= Winfred Overholser =

American psychiatrist

Winfred Overholser (1892 – October 6, 1964) was an American psychiatrist, president of the American Psychiatric Association, and for 25 years the superintendent of St. Elizabeths Hospital, a federal institution for the mentally ill in Washington, D.C.

Born in Worcester, Massachusetts, in 1892, Winfred Overholser graduated from Harvard College in 1912 and received a medical degree from Boston University in 1916.

He was Commissioner of the Massachusetts Department of Mental Diseases and worked with the National Committee for Mental Hygiene in New York.

In 1940, he and his colleague Harry Stack Sullivan, as members of the American Psychiatric Association's Committee on Military Mobilization, formulated guidelines for the psychological screening of inductees to the United States military.

He campaigned for recognition of alcoholism as a mental disease, calling it in 1940 "the greatest public health problem which is not being scientifically attacked. As early as 1941 he warned of the need to consider the mental health of an aging population and said that old age pensions could prove to be "one of the most important developments in the prevention of mental breakdowns in later life."

He served as superintendent of St. Elizabeths Hospital, a federal institution for the mentally ill in Washington, D.C., from 1937 to 1962. His most famous patient there was Ezra Pound. In 1947, he agreed to move Pound to the more pleasant surroundings of Chestnut Ward, close to his private quarters, which is where he spent the next twelve years. He was instrumental in Pound's release in 1958, after reporting that there was a "strong probability" that criminal insanity explained his crime and that "further confinement can serve no therapeutic purpose." He also testified on behalf of Frank H. Schwable, a Marine who, while held prisoner by North Korea, confessed to participating in germ warfare.

He served in 1948 as president of the American Psychiatric Association. He was for a time the editor in chief of the Quarterly Review of Psychiatry and Neurology. In 1949, he provided a pessimistic assessment of the prospects for St. Elizabeth's patients who had been subject to lobotomies. He told a professional conference: "I am sorry to say that even when they are improved, they are still nothing to brag about. We are not enthusiastic."

Overholser retired in 1962 after 25 years as superintendent of St. Elizabeths Hospital where under his administration the hospital pioneered the use of "group therapy, tranquillizing drugs and psychodrama."

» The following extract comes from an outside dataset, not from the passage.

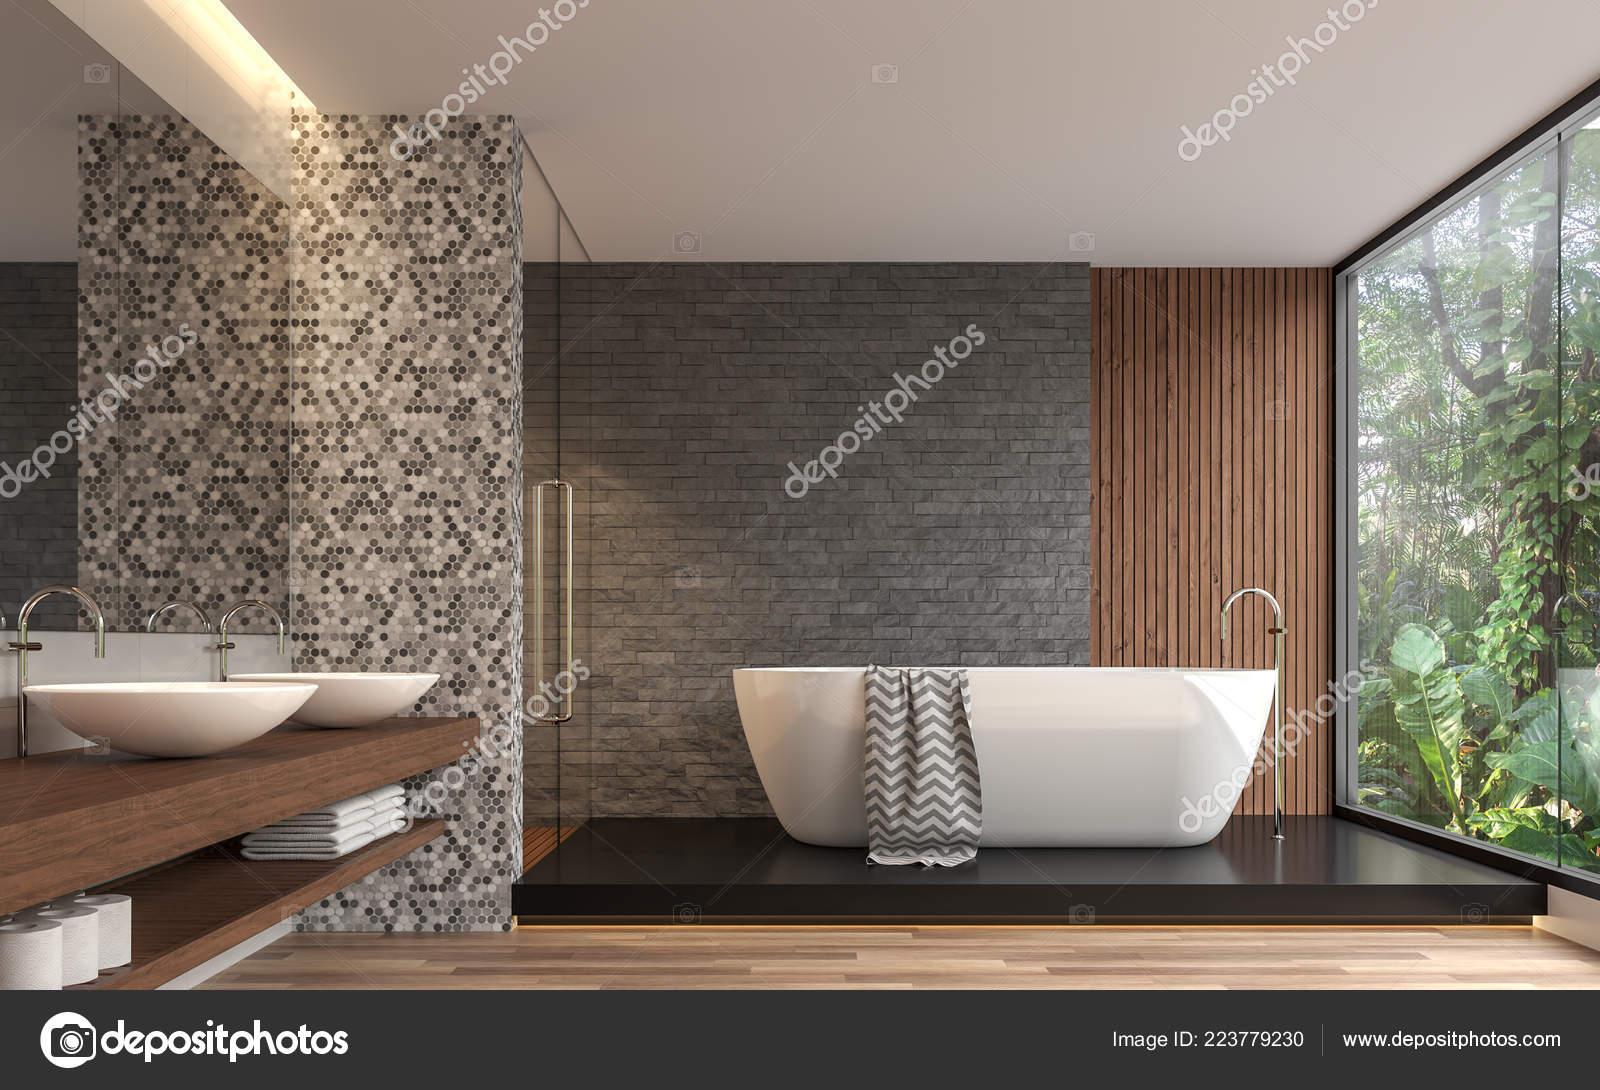 Rendu Moderne Salle Bain Contemporaine Des Mur Brique Pierre

He was also Professor Emeritus of Psychiatry of George Washington University School of Medicine & Health Sciences.

As Chairman of the American Psychiatric Association, Overholser concluded that United States Secretary of Defense James Forrestal "came to his death by suicide while in a state of mental depression".

Boston University award him its alumni medal in 1962. He received as well the United States Selective Service Medal. France awarded him its Legion of Honor and Medal of Liberation.

He died on October 6, 1964. His wife and three children survived him.

==Works==
- Psychiatry and the Courts in Massachusetts (1928)
- Handbook of Psychiatry (1947)
- The Psychiatrist and the Law (1953)
- Twenty Years of Psychodrama at Saint Elizabeths Hospital (NY: Beacon House, 1960), with James M Enneis
- Centennial Papers, St. Elizabeths Hospital, 1855-1955 (Washington: Centennial Commission, Saint Elizabeth's Hospital, 1956])
- History of Money (self-published) Libertyville, Ill., 1936.